# Weakly Supervised Domain Detection
This repository releases the code and data for weakly supervised domain detection. Please cite the following paper [[bib](https://www.mitpressjournals.org/action/showCitFormats?doi=10.1162/tacl_a_00287)] if you find our code /data resource useful to you,

> In this paper we introduce domain detection as a new natural language processing task. We argue that the ability to detect textual segments which are domain-heavy, i.e., sentences or phrases which are representative of and provide evidence for a given domain would enable the development of domain aware tools and increase the domain coverage for practical applications. We propose an encoder-detector framework for domain detection and bootstrap classifiers with multiple instance learning (MIL). The models are hierarchically organized and suited to multilabel classification.
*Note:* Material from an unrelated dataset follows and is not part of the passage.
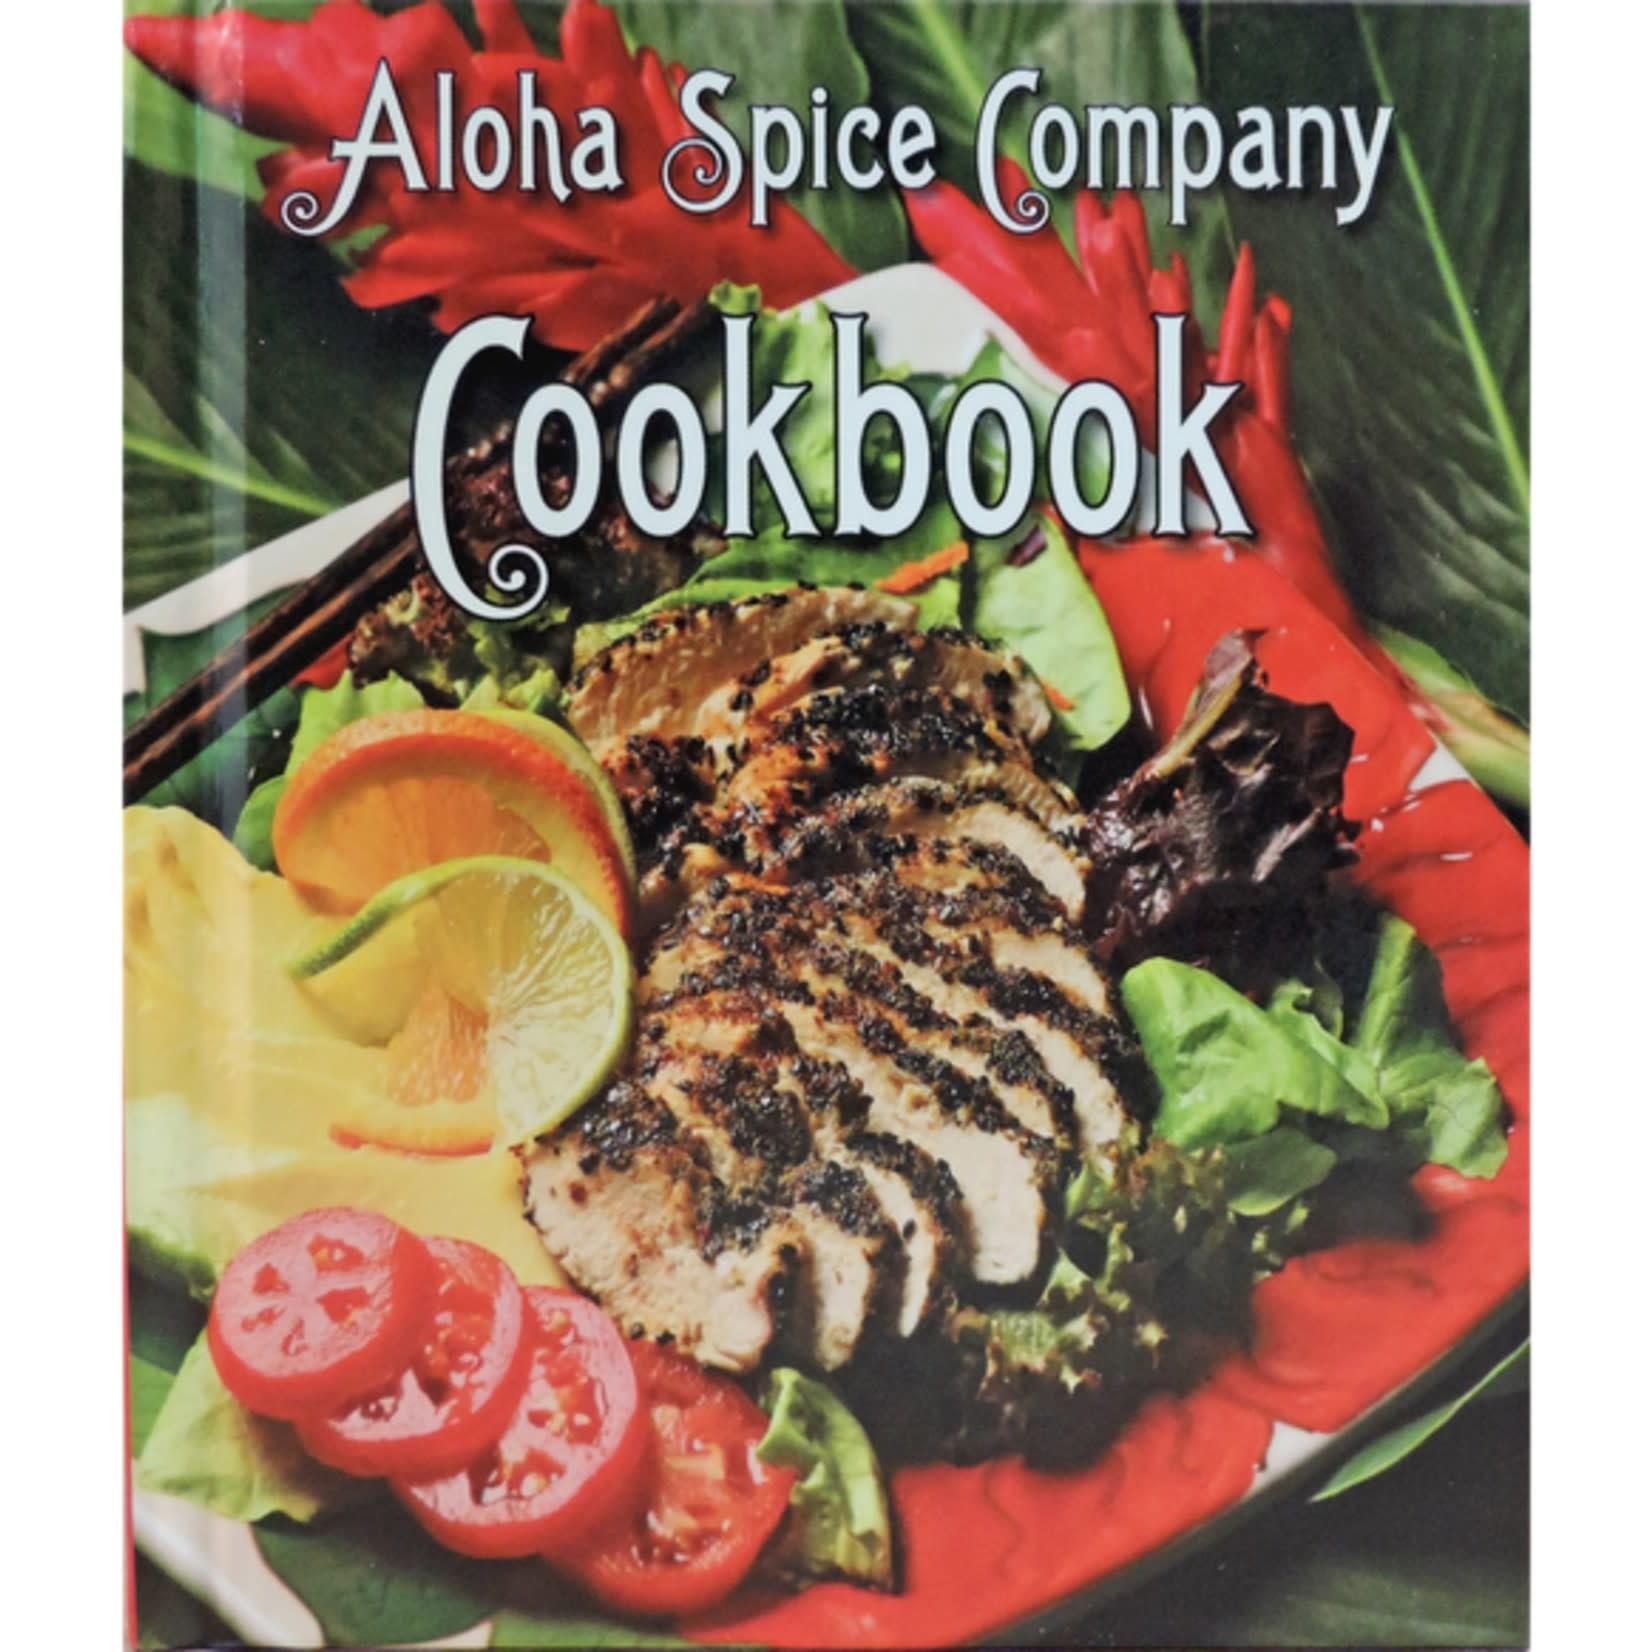 Aloha Spice Co. Aloha Spice Cookbook

We demonstrate that despite learning from minimal supervision, our models can be applied to text spans of different granularities, languages, and genres.  We also explore the potential of domain detection for text summarization.
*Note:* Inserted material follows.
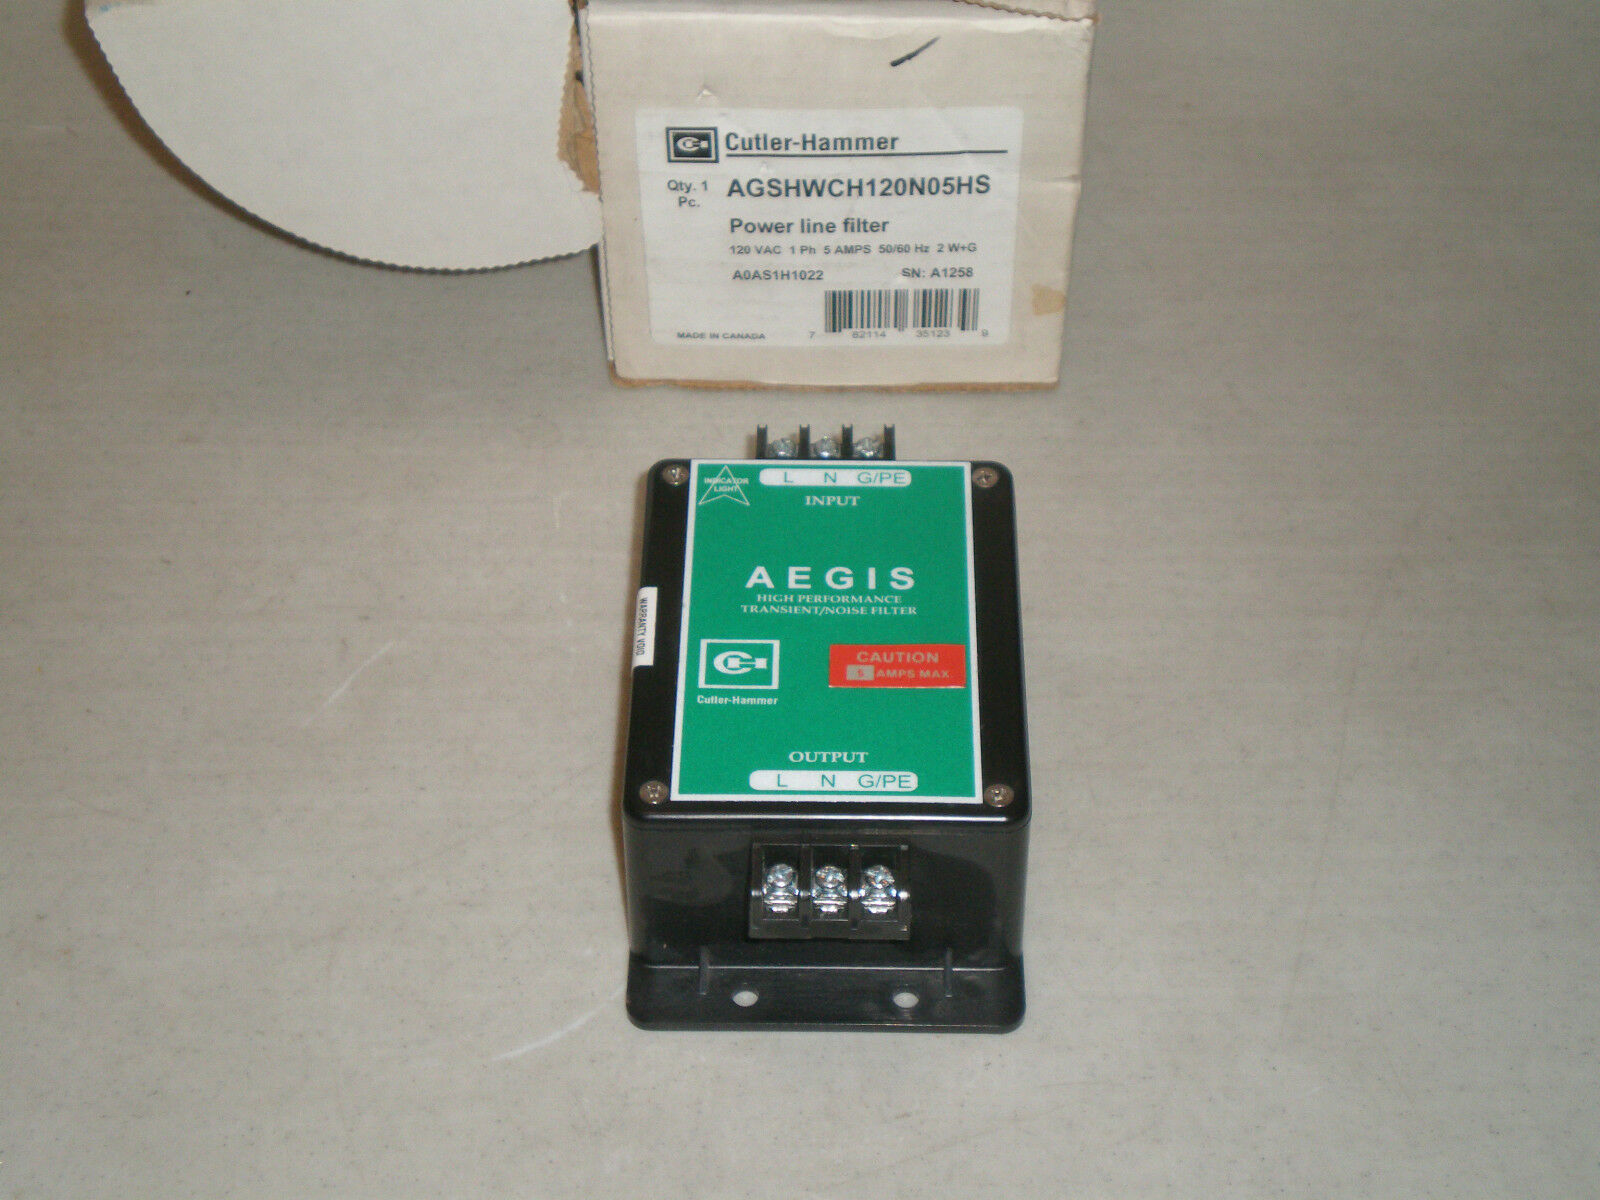 ¡ nuevo Aegis Cutler-hammer Aegis nuevo transient/noise filtro supresor de sobretensiones agshwch120n05hs f905ed

Should you have any query please contact me at [yumo.xu@ed.ac.uk](mailto:yumo.xu@ed.ac.uk).

## Project Structure

```bash
DomainDetection
│   README.md
│   spec-file.text
└───src
│   └───frame  # DetNet framework
│       │   encoder.py
│       │   detector.py
│       │   ...
│   └───config  # configuration files
│   └───data  # dataset parsing, building and piping
│   └───utils  # miscellaneous utils 
└───dataset
│   └───en  # English dataset
│       └───...
│   └───zh  # Chinese dataset
│       └───...
└───res  # resources (vocabulary)
│   └───vocab
│       └───en  # English vocabulary
│           │   vocab
│       └───zh  # Chinese vocabulary
│           │   vocab
└───model  # trained models
│   └───en  # English models
│       │   DetNet
│       │   ...
│   └───zh  # Chinese models
│       │   DetNet
│       │   ...
└───log

```

## Environment Setup

You can check the `spec-file.txt` provided in this project for the list of packages required. 

To create a suitable environment conviniently with `conda`, do:

```bash
conda create --name myenv --file spec-file.txt
```

or alternatively, you may prefer to install required packages into an existing environment:

```bash
conda install --name myenv --file spec-file.txt
```

## Dataset

You can download our datasets for both English and Chinese via [Google Drive](https://drive.google.com/drive/folders/1K5TdwoezGzzb19_2QjTuNipOX9kf1tUY?usp=sharing).

After uncompressing *.zip files, put them under `dataset/en` or `dataset/zh`, respectively. These include data for model training, development and test. Note that `test` is for document-level test, and `syn_docs`is for sentence-level test with synthesized contexts (check the algorithm proposed in our paper for details).

 `*.json` files include documents sampled from Wikipedia (in both `en` and `zh`) and NYT (in `en`); these documents are manually labeled via MTurk at both sentence-level and word-level for test purpose.